Material and methods

Study site

The present study was carried out in the Makueni and Taita Taveta Counties located in inland southeastern Kenya, and in Kwale and Kilifi Counties located on the Kenyan coast. The inland locations have a rather hot, semi-arid climate with an average rainfall from 500 to 700 mm yr−1, a mean annual temperature of 23°C, and the most common soils are Luvisols and Ferralsols [18]. Trees from inland populations were sampled at an altitude range from 657 to 1058 m.a.s.l. The coastal sampling locations occur in tropical savannah climate with the mean annual rainfall ranging from 500 to 1500 mm, mean annual temperature of 26°C, and soils belong to many different types such as Luvisols, Ferralsols, Arenosols, Planosols, Vertisols or Acrisols [19]. Trees sampled in coastal areas were found at low altitude ranging from 6 to 54 m.a.s.l.

Tree sampling and data collection

In total, 189 individual trees were sampled from seven populations (inland populations: Kibwezi, Mtito Andei, Chyulu, Voi, coastal populations: Diani, Malindi, and Kilifi) during July–August 2015, figure 1 and table 1. The sampling was designed along transects corresponding to the Nairobi-Mombasa-Highway and along the coastline to cover the broad altitudinal range (from 6 to 1058 m.a.s.l.) of baobab occurrence in Kenya. The trees were sampled on 64 pre-selected farms along the transect (n = 146) (K. Kehlenbeck & C. Waruhiu 2015, unpublished data), and in the Chyulu Hills National Park (n = 43), a population which provided baobab trees at the highest elevation in the sampling area.

Figure 1.

Map of Kenya, displaying the sampled baobab populations. (a) An overview map of all populations, (b) inland populations: Kibwezi, Mtito Andei, Chyulu, Voi, and (c) coastal populations: Diani, Malindi and Kilifi.

Table 1.

Location of collected baobab (A. digitata) populations and summary of genetic parameters within seven populations, based on nine microsatellite loci [14]. (The table contains mean values for each population, and mean values for inland and coastal accessions. Values for NA, NAe, He, Ho, Fis were computed in SPAGeDi [20]. Nei's genetic diversity (H) was computed from binary data in GenAlEx 6.5 [21]. Latitude and longitude for each population were calculated as central points; altitudes are presented as mean values.)

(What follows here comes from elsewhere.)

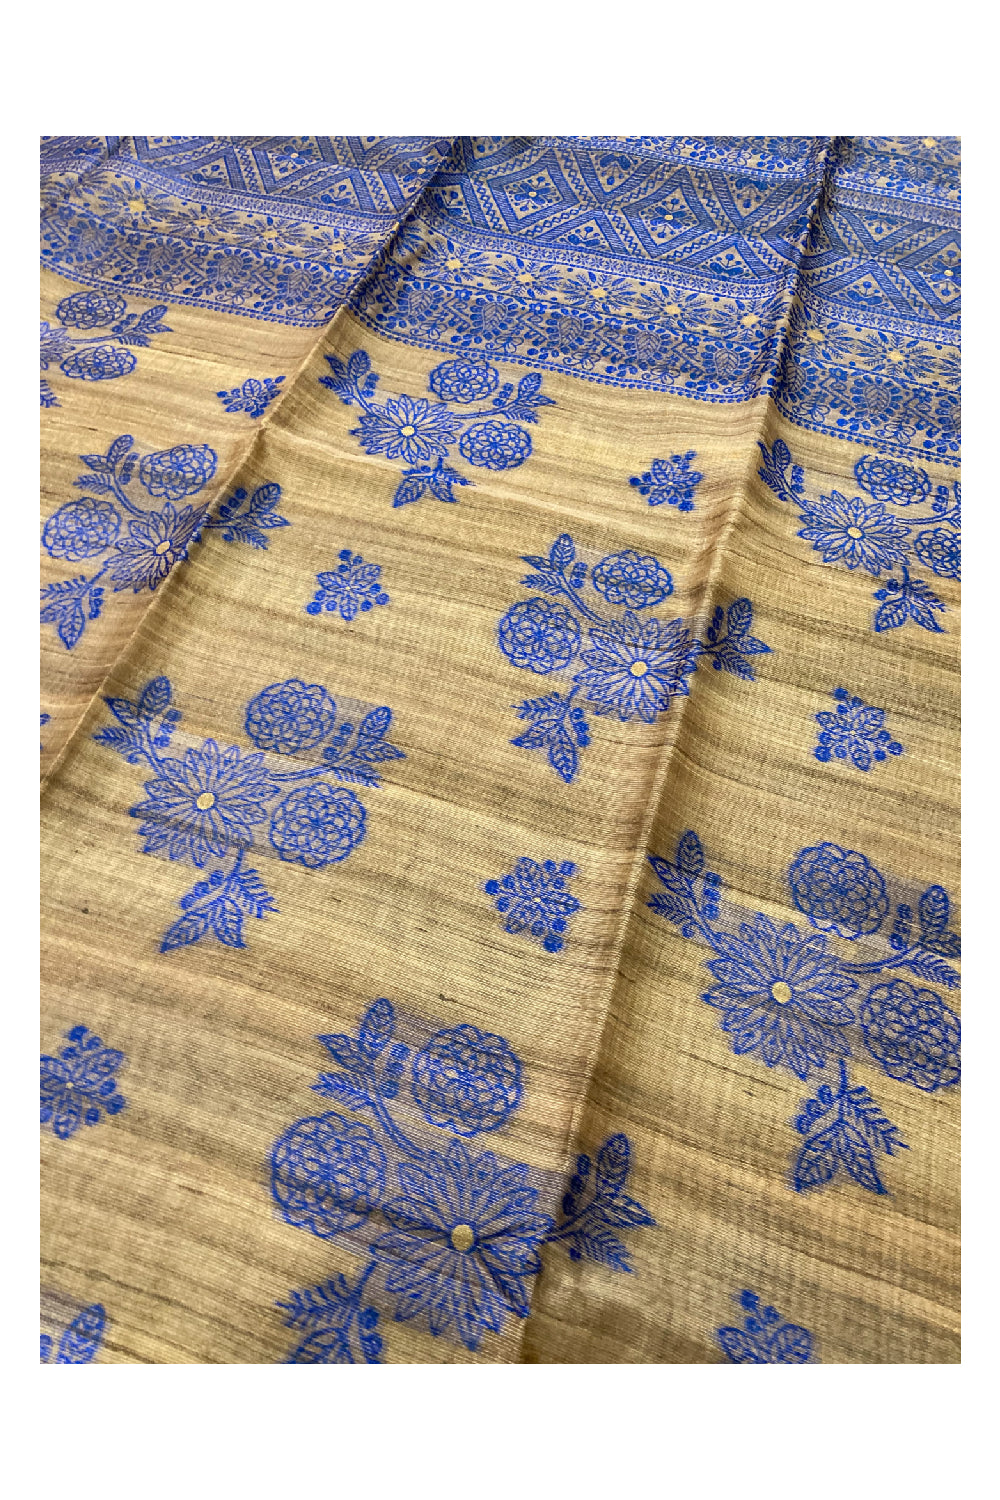 Southloom Semi Tussar Blue Floral Print on Grey Designer Saree and Blue Pallu
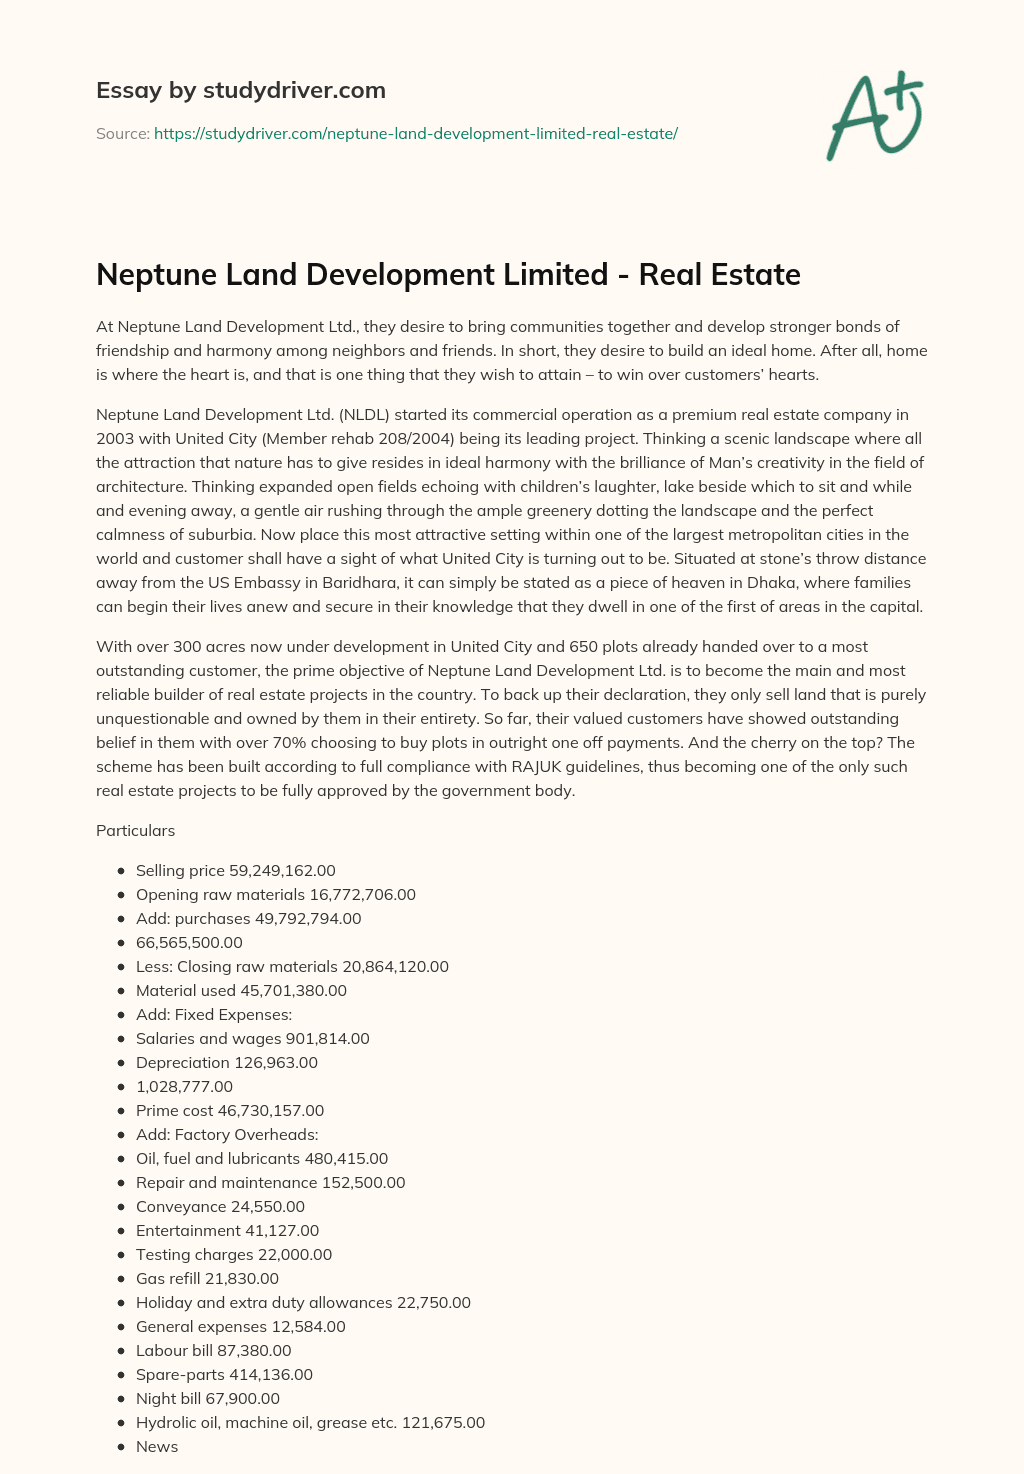 Neptune Land Development Limited – Real Estate essay

				altitude	number of individuals	Nei's genetic diversity	observed number of alleles	effective number of alleles	gene diversity (corrected for sample size)	observed heterozygosity	individual inbreeding coefficient
population	population characterization	latitude	longitude	(m)	n	H	NA	NAe	He	Ho	Fis
Kibwezi	inland	–2.458961	37.994513	926	78	0.153	11	5.22	0.788	0.913	–0.120
Mtito Andei	inland	–2.670773	38.145645	785	19	0.156	9	5.70	0.795	0.933	–0.146
Voi	inland	–3.360530	38.483770	709	23	0.144	9	4.73	0.770	0.911	–0.141
Chyulu Hills	inland	–2.473330	37.924853	1003	43	0.163	11	6.00	0.811	0.938	–0.135
Diani	coastal	–4.308418	39.568872	14	9	0.116	7	3.99	0.712	0.788	–0.015
Kilifi	coastal	–3.704866	39.788302	41	11	0.124	6	4.20	0.721	0.836	–0.078
Malindi	coastal	–3.199580	40.005385	26	6	0.124	5	4.79	0.753	0.812	0.049
all populations					189	0.140	13	5.72	0.803	0.907	–0.085
inland					163	0.154	10	5.41	0.791	0.924	–0.136
coastal					26	0.121	6	4.33	0.729	0.812	–0.015

For each of the sampled trees, one to two healthy leaves were collected or about 5 cm2 bark sample as an alternative source of DNA if no leaves were present. Samples were inserted into permeable paper bags, labelled, stored in sealed plastic boxes with silica gel for drying and transported to Prague, Czech Republic, for genetic analysis at the molecular laboratory of Czech University of Life Sciences Prague (CULS).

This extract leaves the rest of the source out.